Pressed further on whether there have been any conversations with allies to reassure them of Biden’s capacity to lead the US, Kirby flatly denied that any had taken place.

White House and Biden campaign sources are hoping that this week’s pomp and pageantry on the world stage can quell the clamor for Biden to stand down, at least long enough for the president to make the case for him to stay in the race during his press conference on Thursday.

One White House official who spoke to The Independent on condition of anonymity said they don’t expect Democrats in the House or Senate to make any moves against the president while he’s hosting NATO members this week, giving him a brief reprieve just before the political world shifts focus to the Republican National Convention in Milwaukee next week.

A different senior administration official who briefed reporters on the president’s plans for the NATO summit last week confirmed Biden’s plans to tout the growth in the number of NATO nations and their military spending since the Ukraine invasion.

The official also said Biden and the other 31 NATO leaders would roll out “new steps to strengthen Ukraine’s air defenses and military capabilities to help Ukraine continue to defend themselves today and to deter Russian aggression into the future” and celebrate the nearly two dozen nations that have signed bilateral security pacts with Kyiv.

White House National Security Communications Adviser John Kirby has denied that Biden’s poor debate performance has rankled NATO allies, even as members of Biden’s own party have called for him to stand aside
White House National Security Communications Adviser John Kirby has denied that Biden’s poor debate performance has rankled NATO allies, even as members of Biden’s own party have called for him to stand aside (AP)

Kirby confirmed the Ukraine-centric nature of the summit’s schedule when he took to the White House briefing room on Monday, telling reporters that Biden will host Ukrainian President Volodymyr Zelensky for a bilateral meeting on the summit’s sidelines on Thursday before attending a meeting of the NATO-Ukraine council.

Kirby said the resumption of American military aid to Kyiv has seen Ukrainian forces successfully hold territory against Russia or make small gains, which he called a “significant impact on the battlefield.”

“Ukrainian forces have successfully stopped Russia’s attack north of Kharkiv, denying Russia the ability to take that city, and limiting Russian gains to areas just across the border,” he said, adding that Ukraine has also held the line in other places by hardening defenses against Russian attacks, as  well as halted attacks in places such as Zaporizhzhia.

The people of Ukraine have yet again demonstrated that when supplied and when supported by the international community in the United States, they can hold off the largest though certainly not, I think is clearly evident, the most capable army in Europe,” Kirby said.

He told reporters that the US and other allied nations would make “several big announcements” related to Ukraine at the summit, and the alliance itself would roll out what Kirby called “significant new steps to strengthen its military and political partnership with Ukraine to help Ukraine continue to defend themselves today and to deter Russian aggression well into the future.”

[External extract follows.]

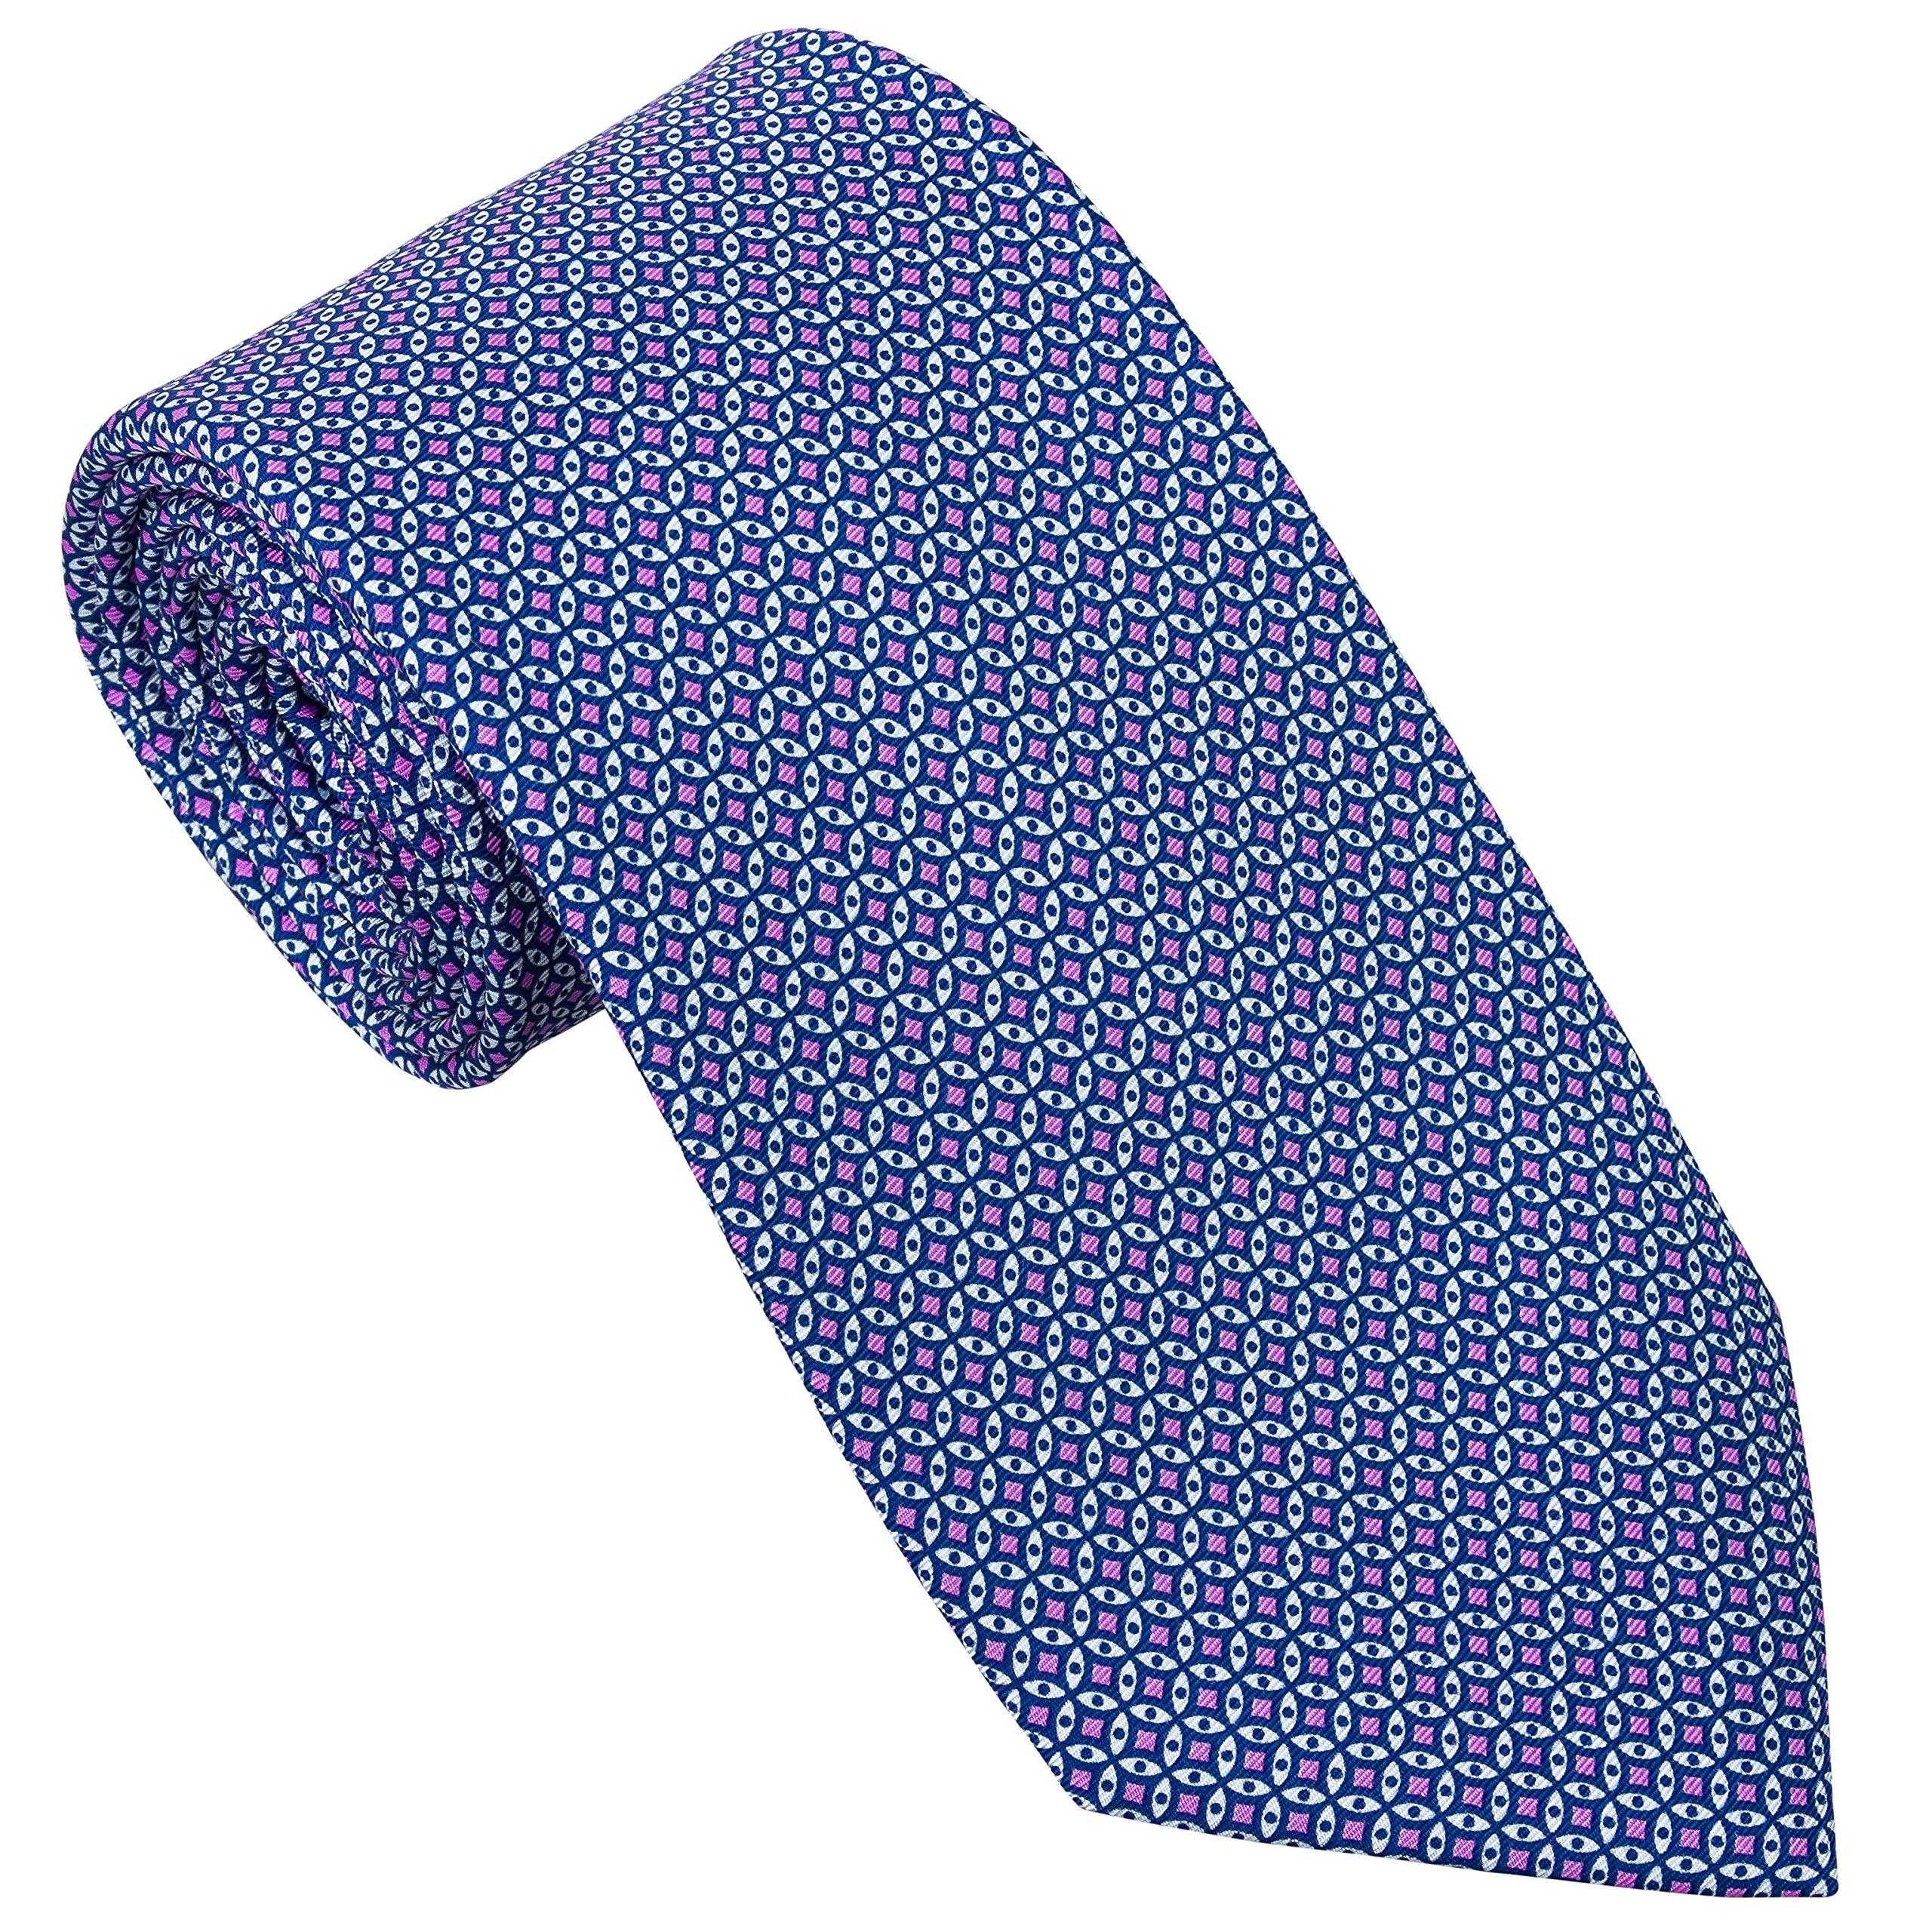 Sebastien Grey Men's 7-Fold Silk Tie (Lavender Navy Stained Glass)

“These elements, taken together with bilateral support, are part of a bridge to Ukraine’s NATO membership together the Washington summit will send a strong signal to Mr Putin that if he thinks he can outlast a coalition of countries that are supporting Ukraine, he’s dead wrong again,” he said. “As President Biden has said himself, Ukraine will never be a victory for Russia for free people refuse to live in a world of hopelessness and darkness.”